- Opening Delimiter -

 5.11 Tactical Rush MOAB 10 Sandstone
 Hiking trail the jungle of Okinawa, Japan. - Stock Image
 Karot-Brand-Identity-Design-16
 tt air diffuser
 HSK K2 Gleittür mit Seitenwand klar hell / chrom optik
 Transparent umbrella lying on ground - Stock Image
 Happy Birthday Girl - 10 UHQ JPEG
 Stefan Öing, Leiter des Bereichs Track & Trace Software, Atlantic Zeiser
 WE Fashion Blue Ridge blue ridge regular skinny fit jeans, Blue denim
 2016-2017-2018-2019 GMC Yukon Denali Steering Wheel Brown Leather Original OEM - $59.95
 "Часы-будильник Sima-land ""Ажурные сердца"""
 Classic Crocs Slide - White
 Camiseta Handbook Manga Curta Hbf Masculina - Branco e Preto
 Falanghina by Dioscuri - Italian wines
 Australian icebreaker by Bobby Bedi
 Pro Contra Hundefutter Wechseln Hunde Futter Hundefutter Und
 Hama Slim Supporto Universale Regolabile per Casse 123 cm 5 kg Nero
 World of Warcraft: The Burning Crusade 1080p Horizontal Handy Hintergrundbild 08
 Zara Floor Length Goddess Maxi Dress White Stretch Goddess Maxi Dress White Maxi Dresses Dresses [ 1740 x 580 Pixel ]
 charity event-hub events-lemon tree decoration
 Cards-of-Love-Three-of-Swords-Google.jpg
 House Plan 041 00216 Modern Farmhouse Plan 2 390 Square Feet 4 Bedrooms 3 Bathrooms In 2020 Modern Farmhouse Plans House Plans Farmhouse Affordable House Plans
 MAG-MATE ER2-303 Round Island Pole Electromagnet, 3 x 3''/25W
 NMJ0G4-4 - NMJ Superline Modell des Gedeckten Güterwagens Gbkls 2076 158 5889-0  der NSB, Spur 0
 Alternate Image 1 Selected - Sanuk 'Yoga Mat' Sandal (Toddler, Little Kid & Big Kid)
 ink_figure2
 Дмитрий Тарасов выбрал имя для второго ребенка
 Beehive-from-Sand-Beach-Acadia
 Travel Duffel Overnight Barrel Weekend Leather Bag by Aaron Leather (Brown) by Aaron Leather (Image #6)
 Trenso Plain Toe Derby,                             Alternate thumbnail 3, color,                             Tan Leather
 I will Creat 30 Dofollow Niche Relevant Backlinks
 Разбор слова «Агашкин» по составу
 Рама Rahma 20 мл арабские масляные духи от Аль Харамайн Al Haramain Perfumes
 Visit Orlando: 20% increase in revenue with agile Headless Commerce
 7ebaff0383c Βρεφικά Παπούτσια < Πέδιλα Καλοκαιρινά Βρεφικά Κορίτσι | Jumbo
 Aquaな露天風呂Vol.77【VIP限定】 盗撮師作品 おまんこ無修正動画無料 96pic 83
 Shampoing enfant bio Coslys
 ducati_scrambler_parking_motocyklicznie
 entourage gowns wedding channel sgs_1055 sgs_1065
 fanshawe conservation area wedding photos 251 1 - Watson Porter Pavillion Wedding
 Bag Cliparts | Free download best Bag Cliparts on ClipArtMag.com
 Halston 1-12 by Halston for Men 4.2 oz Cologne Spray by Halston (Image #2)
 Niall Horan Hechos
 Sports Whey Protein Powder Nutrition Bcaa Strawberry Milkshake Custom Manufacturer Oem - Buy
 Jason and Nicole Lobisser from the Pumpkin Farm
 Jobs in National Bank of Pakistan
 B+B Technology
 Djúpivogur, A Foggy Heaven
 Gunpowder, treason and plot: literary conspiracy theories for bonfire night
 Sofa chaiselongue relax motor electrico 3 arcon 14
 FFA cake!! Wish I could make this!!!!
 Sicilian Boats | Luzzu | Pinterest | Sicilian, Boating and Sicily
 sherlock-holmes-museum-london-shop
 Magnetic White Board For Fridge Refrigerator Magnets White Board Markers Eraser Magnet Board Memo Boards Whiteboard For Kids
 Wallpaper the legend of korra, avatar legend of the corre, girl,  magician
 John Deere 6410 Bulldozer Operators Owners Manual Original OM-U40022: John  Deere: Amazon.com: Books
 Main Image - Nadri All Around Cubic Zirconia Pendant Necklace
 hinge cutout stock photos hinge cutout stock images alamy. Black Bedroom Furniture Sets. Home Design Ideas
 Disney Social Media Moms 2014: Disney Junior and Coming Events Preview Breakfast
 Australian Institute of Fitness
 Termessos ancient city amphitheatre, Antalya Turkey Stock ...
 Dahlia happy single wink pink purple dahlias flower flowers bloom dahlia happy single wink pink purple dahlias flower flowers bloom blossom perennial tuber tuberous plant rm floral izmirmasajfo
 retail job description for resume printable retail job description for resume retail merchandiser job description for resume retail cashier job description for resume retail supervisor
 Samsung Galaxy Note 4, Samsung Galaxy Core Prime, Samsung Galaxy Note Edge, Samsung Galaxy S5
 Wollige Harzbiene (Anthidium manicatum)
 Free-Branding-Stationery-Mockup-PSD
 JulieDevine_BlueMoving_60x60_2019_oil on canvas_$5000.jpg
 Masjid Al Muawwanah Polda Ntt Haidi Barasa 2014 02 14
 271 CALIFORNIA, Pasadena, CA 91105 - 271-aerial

- Closing Delimiter -

Work instructions. Using the entries above, extract exactly the span from the line with "Рама Rahma 20" to the line with "hinge cutout stock photos", both lines included; leave out everything else.

Your response.
 Рама Rahma 20 мл арабские масляные духи от Аль Харамайн Al Haramain Perfumes
 Visit Orlando: 20% increase in revenue with agile Headless Commerce
 7ebaff0383c Βρεφικά Παπούτσια < Πέδιλα Καλοκαιρινά Βρεφικά Κορίτσι | Jumbo
 Aquaな露天風呂Vol.77【VIP限定】 盗撮師作品 おまんこ無修正動画無料 96pic 83
 Shampoing enfant bio Coslys
 ducati_scrambler_parking_motocyklicznie
 entourage gowns wedding channel sgs_1055 sgs_1065
 fanshawe conservation area wedding photos 251 1 - Watson Porter Pavillion Wedding
 Bag Cliparts | Free download best Bag Cliparts on ClipArtMag.com
 Halston 1-12 by Halston for Men 4.2 oz Cologne Spray by Halston (Image #2)
 Niall Horan Hechos
 Sports Whey Protein Powder Nutrition Bcaa Strawberry Milkshake Custom Manufacturer Oem - Buy
 Jason and Nicole Lobisser from the Pumpkin Farm
 Jobs in National Bank of Pakistan
 B+B Technology
 Djúpivogur, A Foggy Heaven
 Gunpowder, treason and plot: literary conspiracy theories for bonfire night
 Sofa chaiselongue relax motor electrico 3 arcon 14
 FFA cake!! Wish I could make this!!!!
 Sicilian Boats | Luzzu | Pinterest | Sicilian, Boating and Sicily
 sherlock-holmes-museum-london-shop
 Magnetic White Board For Fridge Refrigerator Magnets White Board Markers Eraser Magnet Board Memo Boards Whiteboard For Kids
 Wallpaper the legend of korra, avatar legend of the corre, girl,  magician
 John Deere 6410 Bulldozer Operators Owners Manual Original OM-U40022: John  Deere: Amazon.com: Books
 Main Image - Nadri All Around Cubic Zirconia Pendant Necklace
 hinge cutout stock photos hinge cutout stock images alamy. Black Bedroom Furniture Sets. Home Design Ideas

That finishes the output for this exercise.